Pilon fractures are high-energy injuries that often result in considerable edema and compromise of the soft tissue envelope of the ankle. These injuries are typically staged with an external fixator until the soft tissue is amenable for definitive fixation. This study was conducted to determine the effects of lymphedema treatment for the management of pilon fractures. Patients who underwent open reduction and internal fixation of pilon fractures between 2007 and 2014 at the authors' level II trauma center were identified by Current Procedural Terminology codes indicative of placement of an external fixator (20690) and open reduction and internal fixation of a pilon fracture (27826, 27827, or 27828). The primary efficacy endpoint to determine negative outcomes was 90 days after definitive fixation. Eighty-two patients with 84 pilon fractures met inclusion criteria. Forty-eight ankles (57%) received lymphedema treatment. There were no significant differences in population demographics between the control and treatment groups. Median times to internal fixation in the control and treatment groups were 20 days (inter-quartile range, 15.5–30 days) and 11 days (interquartile range, 6–18 days), respectively. This difference was statistically significant (P=.001). Additionally, there was no significant difference in the overall incidence of wound complications between the control and treatment groups (P=.246). Compression wrapping for posttraumatic edema was effective in reducing the time needed for soft tissues to be appropriate for definitive surgical fixation of pilon fractures without increasing the risk of wound complications. These promising results warrant future study. [Orthopedics. 2017; 40(4):e668–e674.]

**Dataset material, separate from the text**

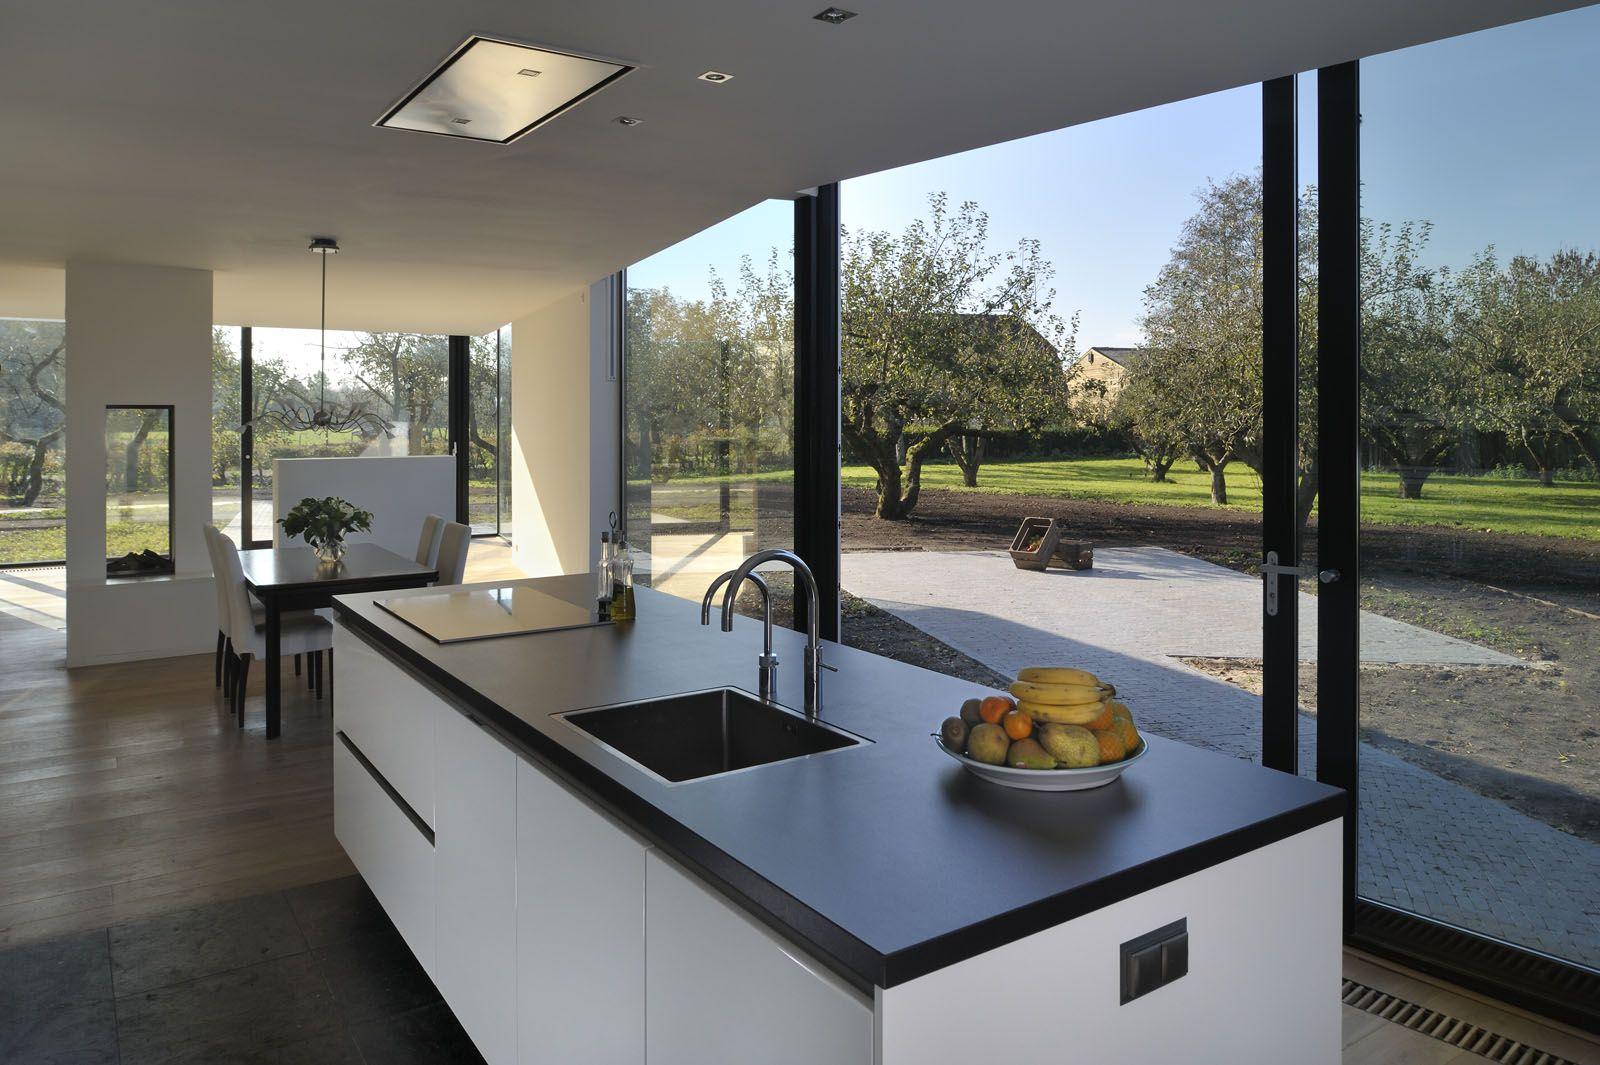 Keuken met glas staal pui woning constantsteeg pinterest staal keuken en keukens for Keuken met glas

Pilon fractures are high-energy injuries, typically occurring from falls from height or motor vehicle collisions and commonly resulting in highly comminuted and complex fractures.1,2 As such, there is often substantial edema and compromise of the soft tissue envelope of the ankle.2,3 Patients who have suffered a length-unstable pilon fracture are routinely staged with an external fixator to stabilize the ankle until the surrounding soft tissue is amenable for surgery, generally between 10 days and 3 weeks.3

Coupled with delaying surgical intervention, posttraumatic edema also increases the risk of wound complications and postoperative infections.4 Because pilon fractures have alarmingly high complication rates, it has been suggested that soft tissue management is as important as the bony reconstruction, further highlighting the need to control and reduce swelling in the affected limbs.5 Patients with breast cancer are most commonly afflicted with extremity edema, often due to lymph node removal during treatment.6 As such, standards of care for management of lymphedema are primarily derived from the cancer research literature.7 The current gold standard treatment for extremity lymphedema is complete decongestive therapy.8 Complete decongestive therapy is multimodal and consists of manual lymph drainage, compression wrapping, exercise, and skin care.8

Currently, there is little evidence regarding the utility of these treatments in acute care settings for posttraumatic edema. These therapeutic techniques, specifically compression wrapping for edema management in lower extremity fractures, have been employed at the authors' facility, a level II trauma center, in an effort to expedite the soft tissue condition for definitive surgery. This study aimed to determine the effects of this adjuvant therapy on time to definitive fixation and the incidence of wound complications. The authors hypothesized that the treatment group would exhibit shorter times to definitive fixation without an increase in complication rates.

Materials and Methods

Approval from the Louisiana State University Health Sciences Center–New Orleans Institutional Review Board was obtained prior to beginning this study. Patients 18 years or older who underwent open reduction and internal fixation of pilon fractures between 2007 and 2014 were identified in the financial operations data-base of the authors' institution using the Current Procedural Terminology codes indicative of placement of an external fixator (20690) and open reduction and internal fixation of a pilon fracture (27826, 27827, or 27828). Demographic and clinical elements were collected from the electronic medical record. Patients were excluded if they were younger than 18 years, underwent primary tibiotalar fusion, had an open fracture that required primary plastic surgery coverage at the time of presentation, or had incomplete follow-up records, defined as being lost to follow-up prior to the end of a 90-day global period. The authors determined that the 90-day follow-up period was a sufficient period for soft tissue or wound complications to manifest. Additionally, staying within the global postoperative period theoretically prevents losing patients to follow-up because of financial constraints.

With the exception of a few patients who underwent external fixation at other facilities, most external fixation and all internal fixation surgeries were performed at the authors' institution by the same 3 board-certified orthopedic surgeons (J.A.L., C.C.G., K.B.R.)—2 being orthopedic traumatologists and 1 being a foot and ankle specialist. Certified physical therapists administered lymphedema treatment if ordered by one of these physicians while patients were in the hospital. There were no set criteria that determined which patients received treatment. The patients were ordered to receive lymphedema treatment at the discretion of each of the treating surgeons. All physical therapists at the authors' institution who administered this therapy received certification in lymphedema management by completing a 4- or 9-day course through the Academy of Lymphatic Studies.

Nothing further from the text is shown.